:: Assigned task ::
Make an exact transcript of the lines in the data below, starting with the one containing "New Renault Trafic" and going on through the one containing "Dettagli 39thirty NY noir noir - image 4", with both included and the pictures left out.
(Beginning of The records)
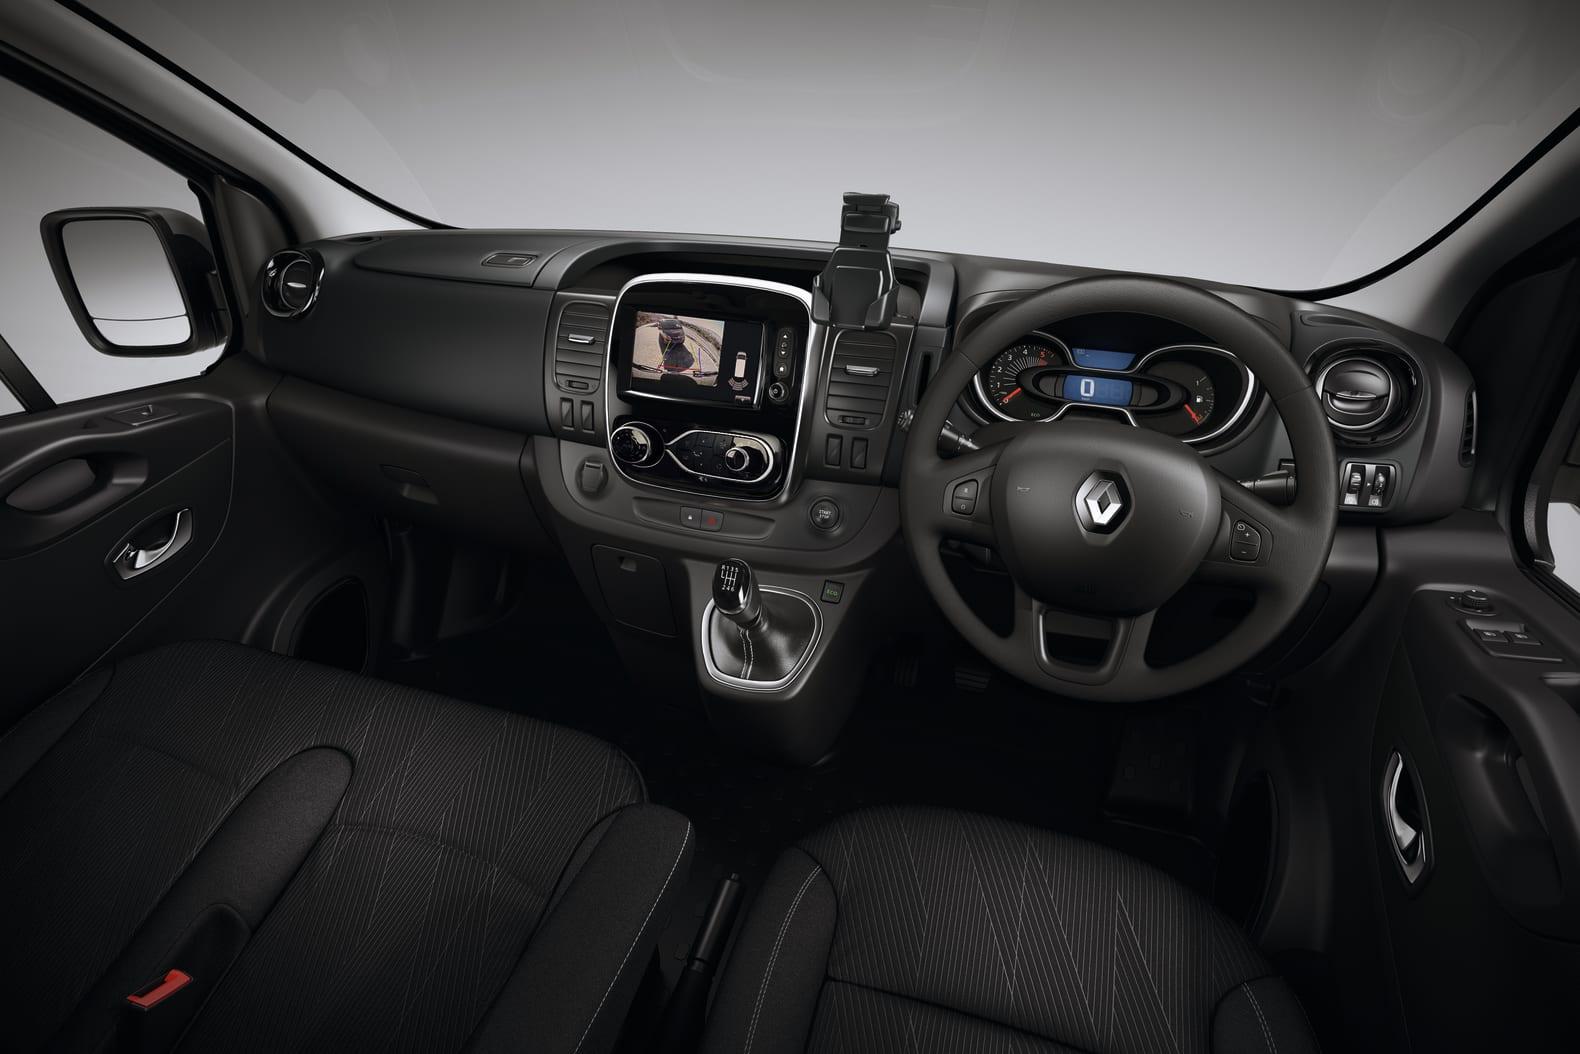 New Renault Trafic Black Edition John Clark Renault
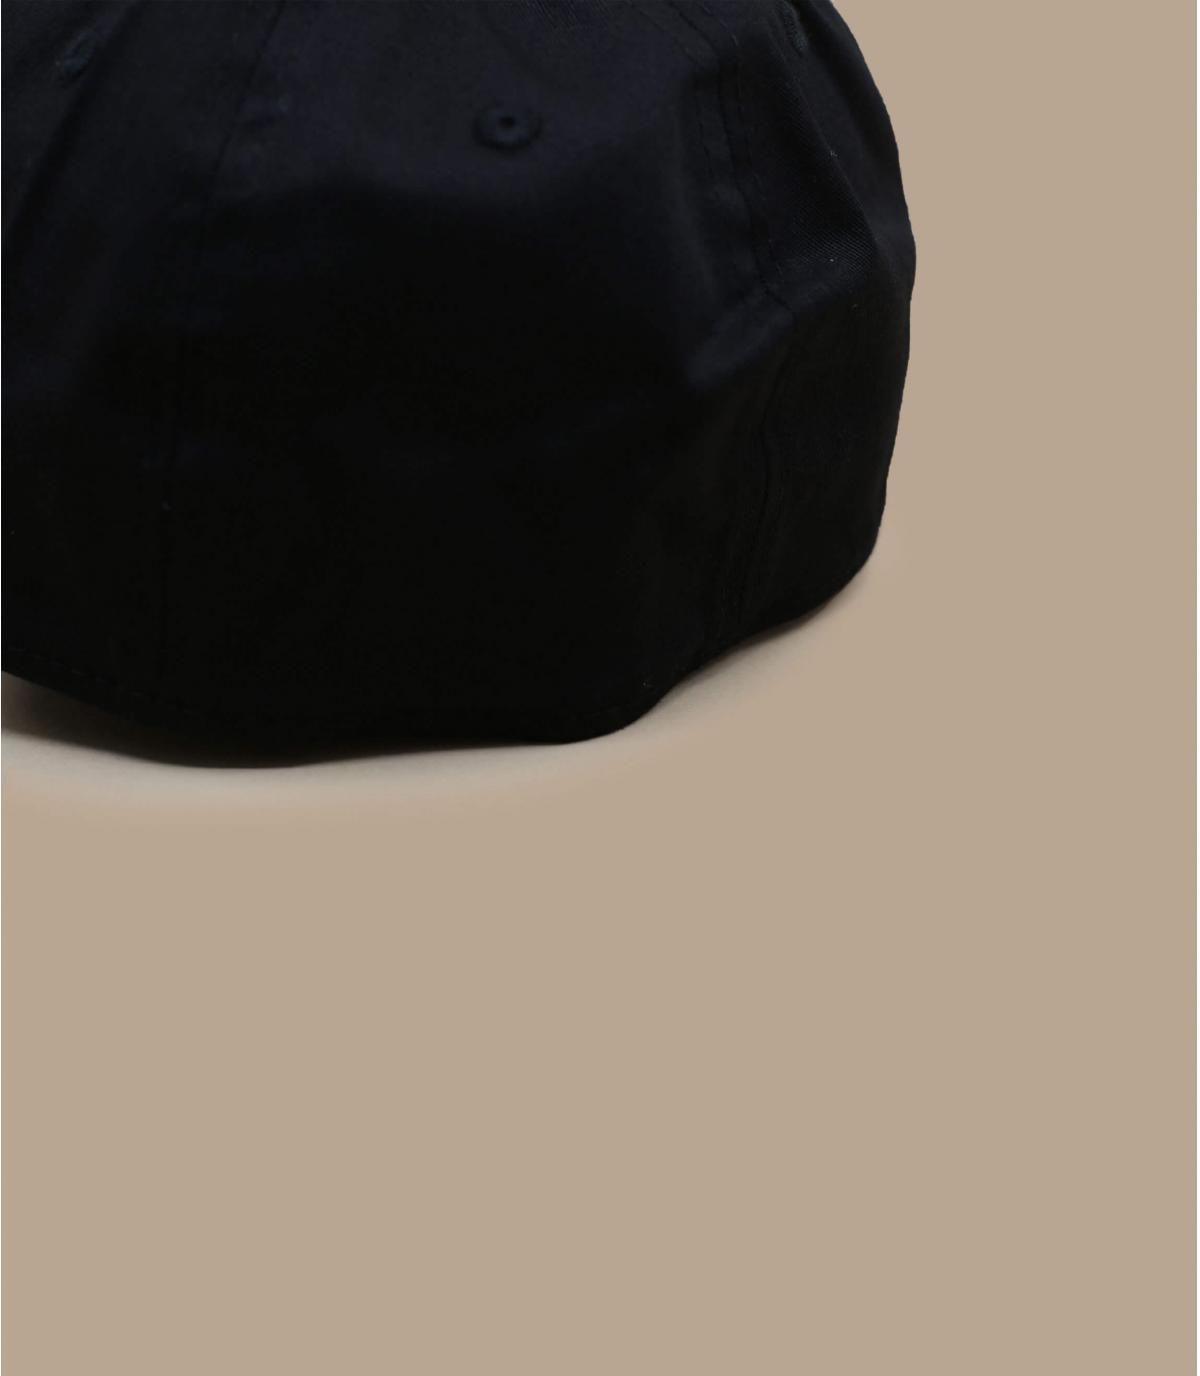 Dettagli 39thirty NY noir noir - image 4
(End of The records)
(Beginning of The records)
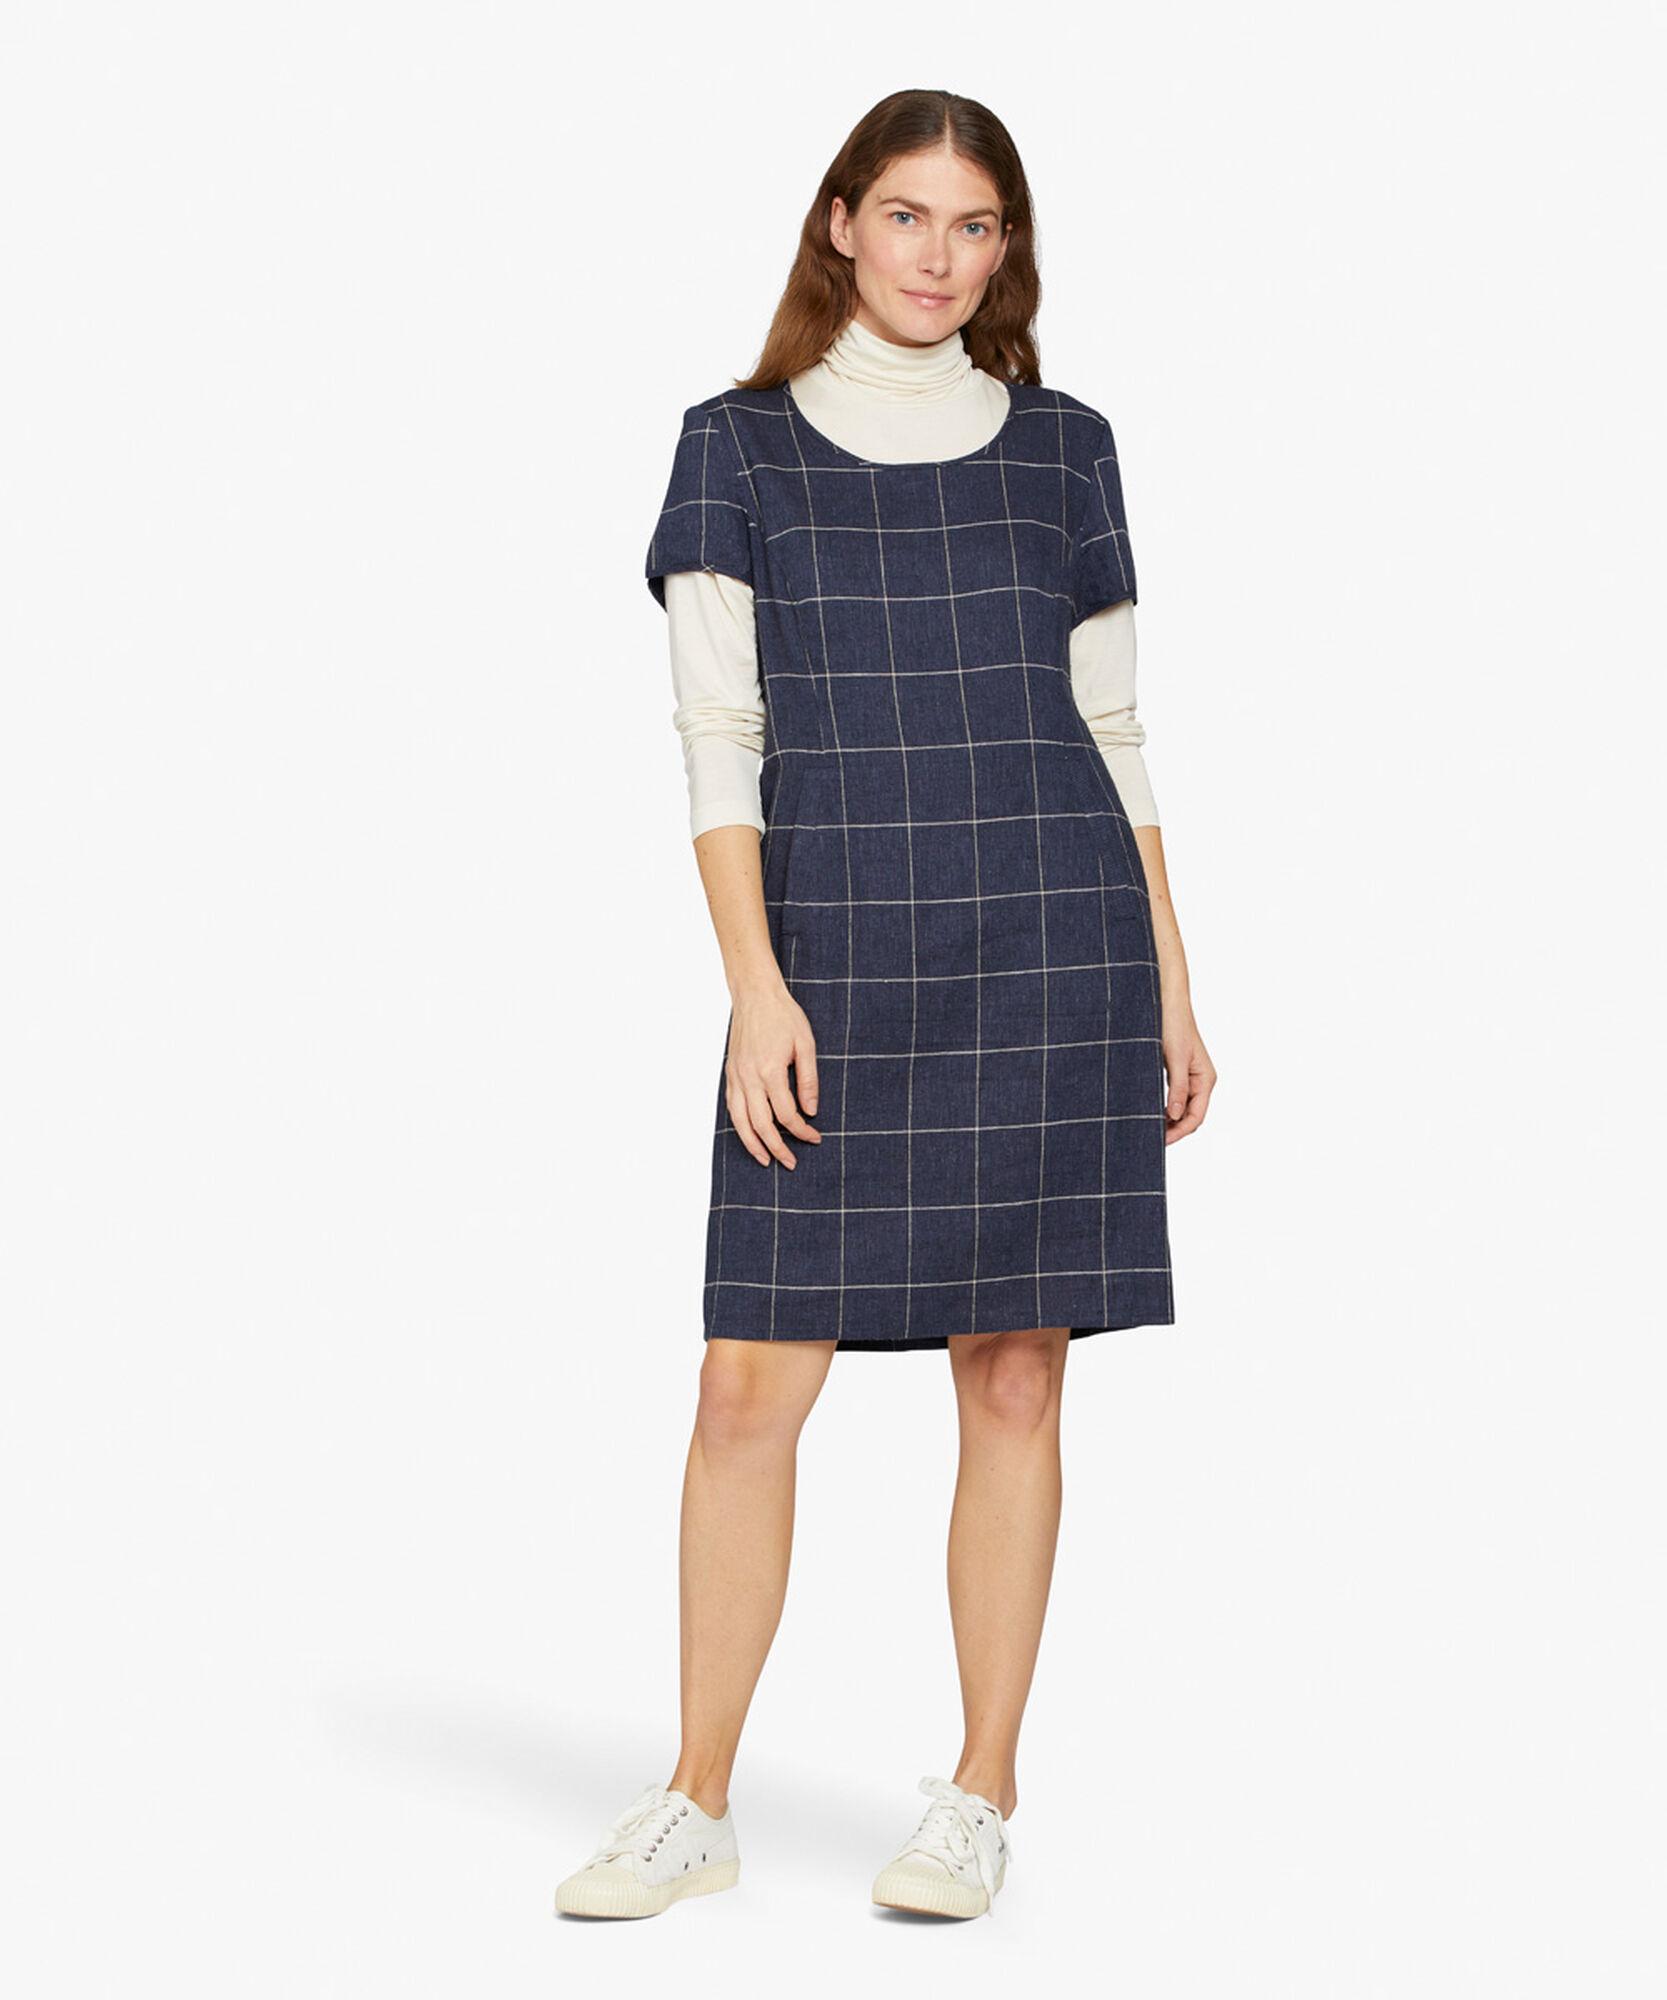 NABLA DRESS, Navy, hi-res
(End of The records)
:: Expected answer ::
 New Renault Trafic Black Edition John Clark Renault
 Dettagli 39thirty NY noir noir - image 4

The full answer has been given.